┌─ DATA FOR THE TASK

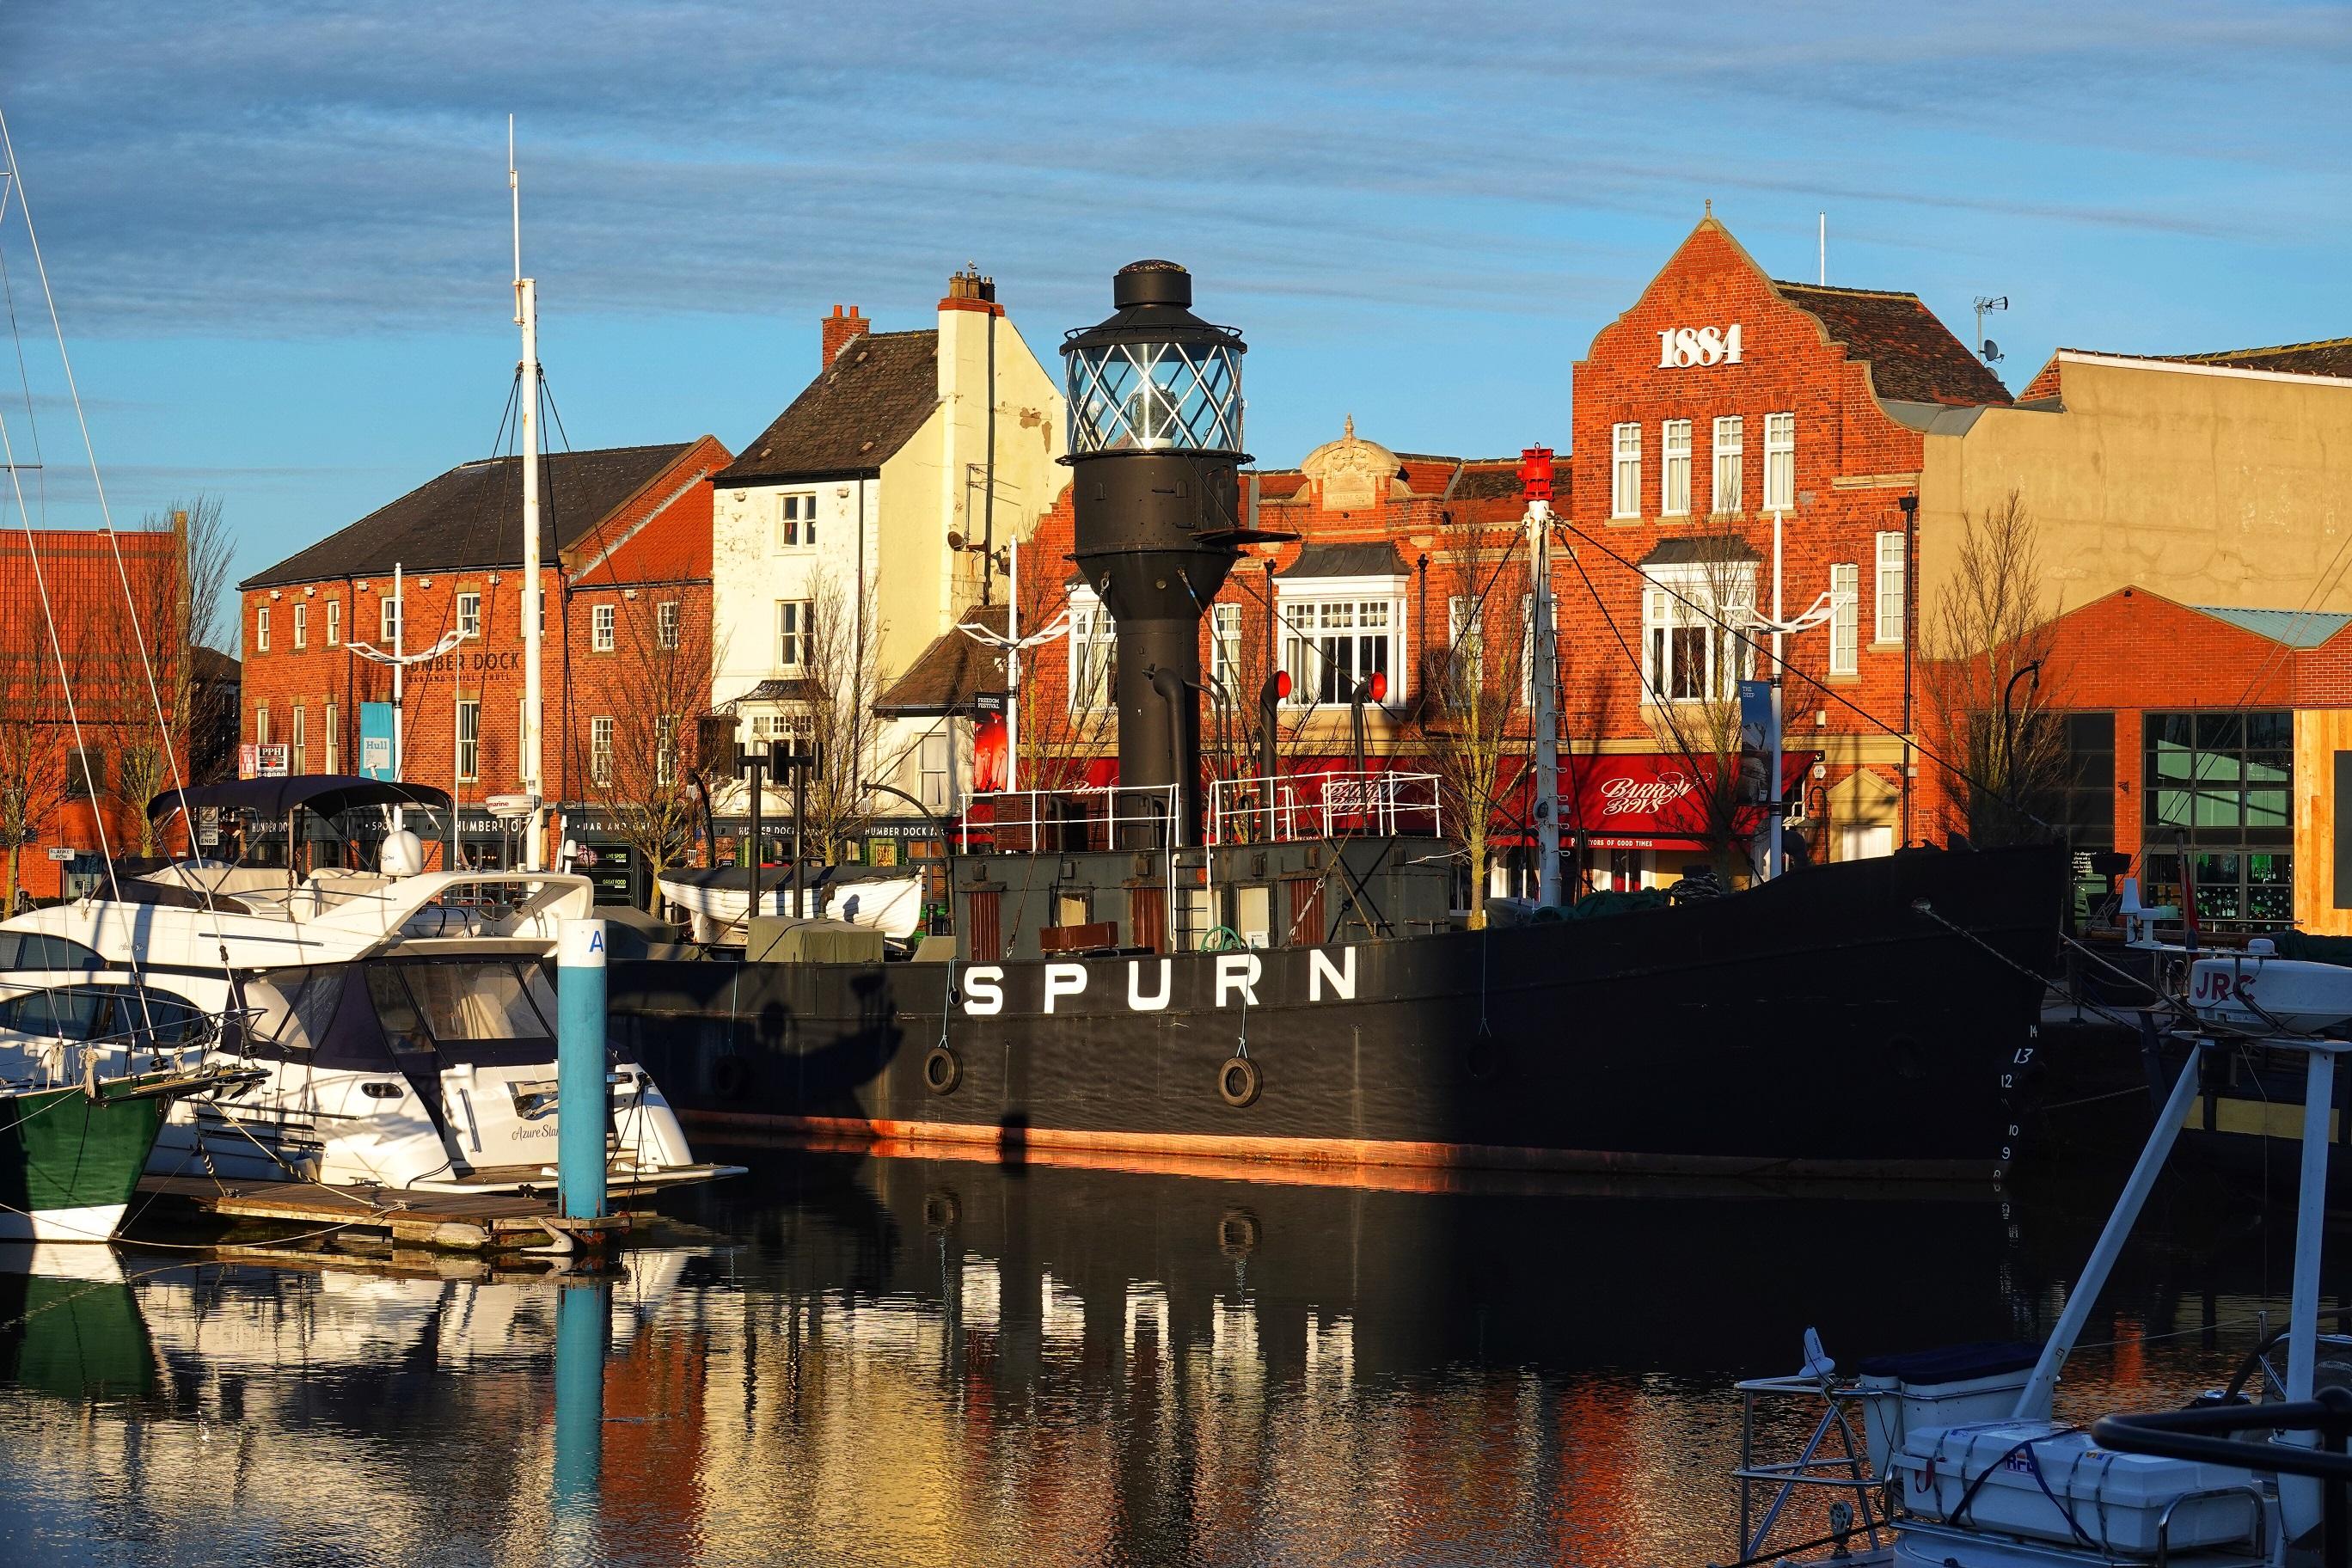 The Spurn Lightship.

└─
┌─ DATA FOR THE TASK

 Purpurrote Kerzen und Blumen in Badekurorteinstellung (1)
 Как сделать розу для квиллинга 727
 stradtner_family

└─

PROBLEM DESCRIPTION: Each line in the entries above, starting at the line with "Purpurrote Kerzen und" and ending at the line with "stradtner_family", is to be printed exactly, and only those lines.

ANSWER TO THE PROBLEM:
 Purpurrote Kerzen und Blumen in Badekurorteinstellung (1)
 Как сделать розу для квиллинга 727
 stradtner_family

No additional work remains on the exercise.